Here’s an interesting econ book that I haven’t had the chance to read. Interesting enough, or it wouldn’t have made #2 on the New York Times bestseller list.

I read this post by Jim Durbin, in which he quotes this book and asks if your recruiter truly has your best interest at heart (vs. an ulterior motive).

An example using real-estate agents:

The book is really about dispelling myths by explaining how incentives drive us to act. One of the examples is real estate agents. Using some basic numbers, the book explains that a $300,000 house that sells yields a $4500 average commission for a real estate agent. A $310,000 yields an average $4650 commission. Thus the effort to hold out for the best price yields very little for the agent, but $10,000 for the seller.

Tracking the agents who sell their own homes, the book finds that the agents hold out for $10,000 more when it’s their own home, but not so much when it’s someone else’s. It’s an example of simple math. Effort matched to reward.

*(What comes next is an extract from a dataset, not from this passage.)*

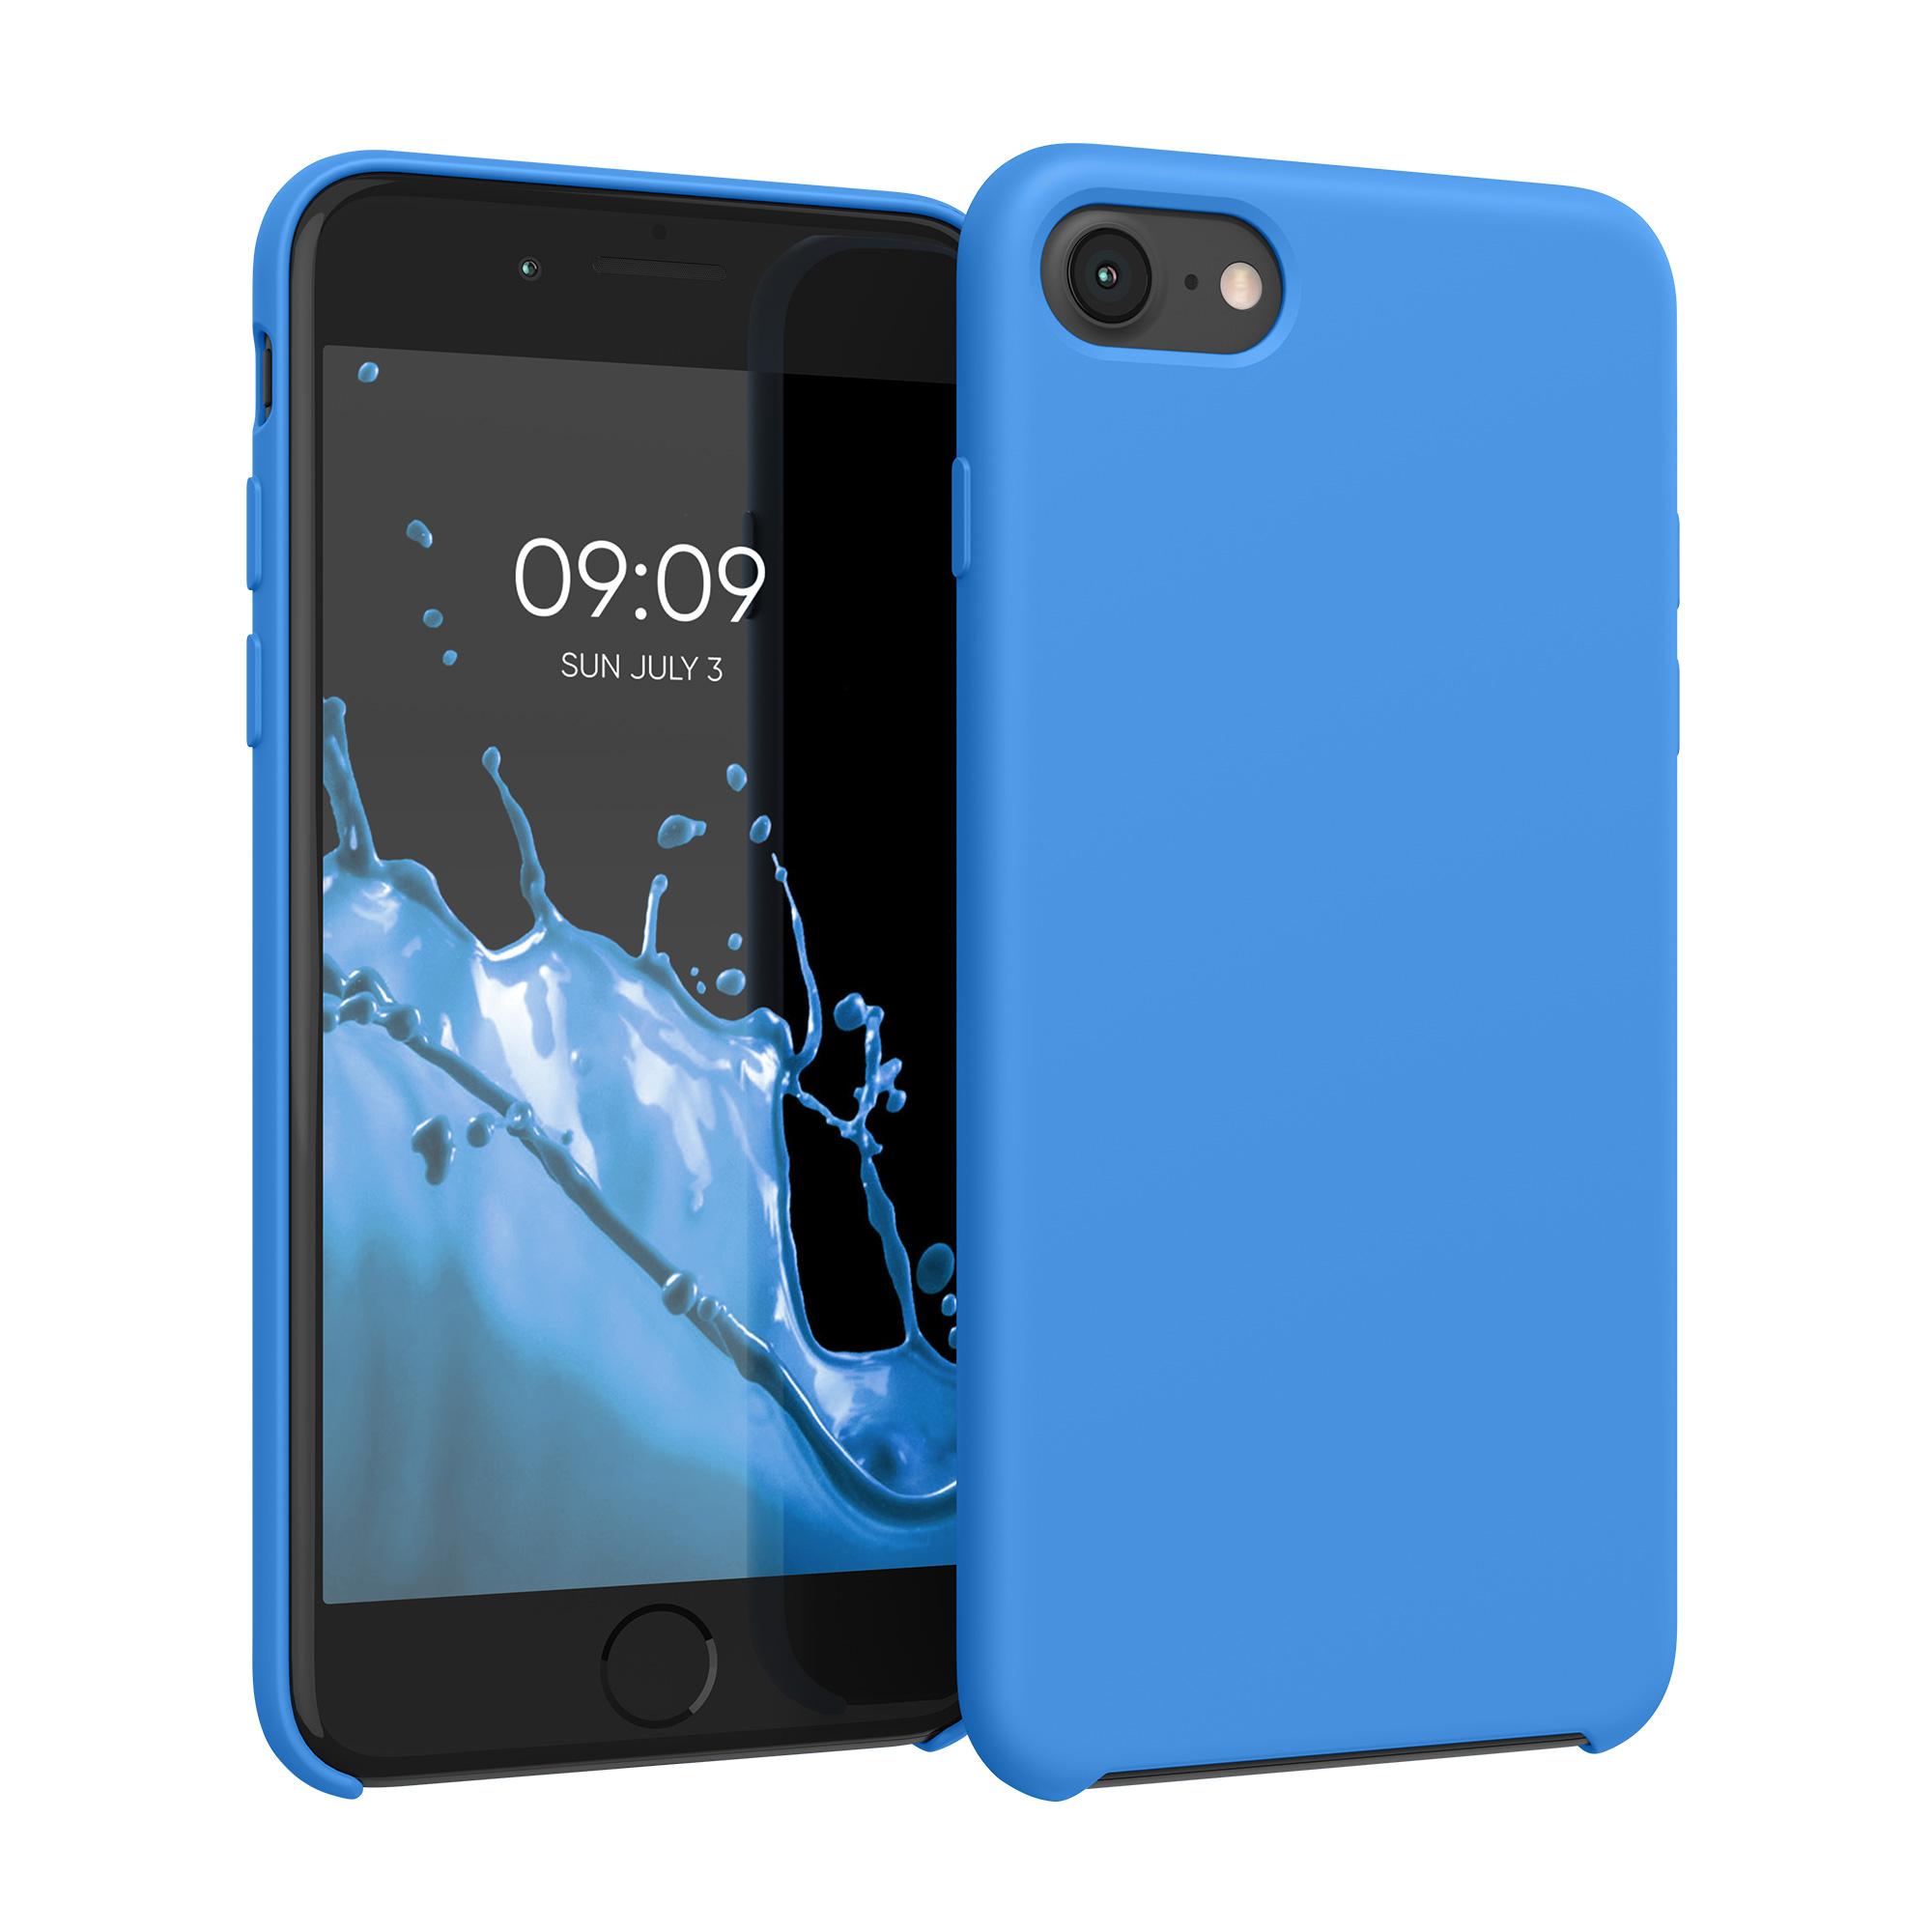 Kvalitní silikonové TPU pouzdro pro Apple iPhone 7 / 8 / SE  - Surf modré

Now that’s a job you do for the money! Does anyone know a real estate agent that is actually passionate about the job? Someone that literally loves driving clients around showing them properties for sale, someone looking out for the client’s long term “big picture” financial health? Everybody’s other cousin and little brother is a licensed real estate agent in California.

That sounds like a job I guess I’m just not cut-out for. I can’t imagine myself convincing a middle-class couple to flip a property fast just so that I can get it over with, knowing that they could be making tens of thousands more if I weren’t so worried about losing a few hundred in commision.

I’ll sell, but not like that. Nothing against real estate agents, just an example as a reminder that it’s always useful to question the motive of others. I’m pointing out the obvious.

Other professions that could be put to question: Does your doctor get a commision by prescribing you a certain brand drug? Does your mechanic install a certain part because of a higher profit margin on that part?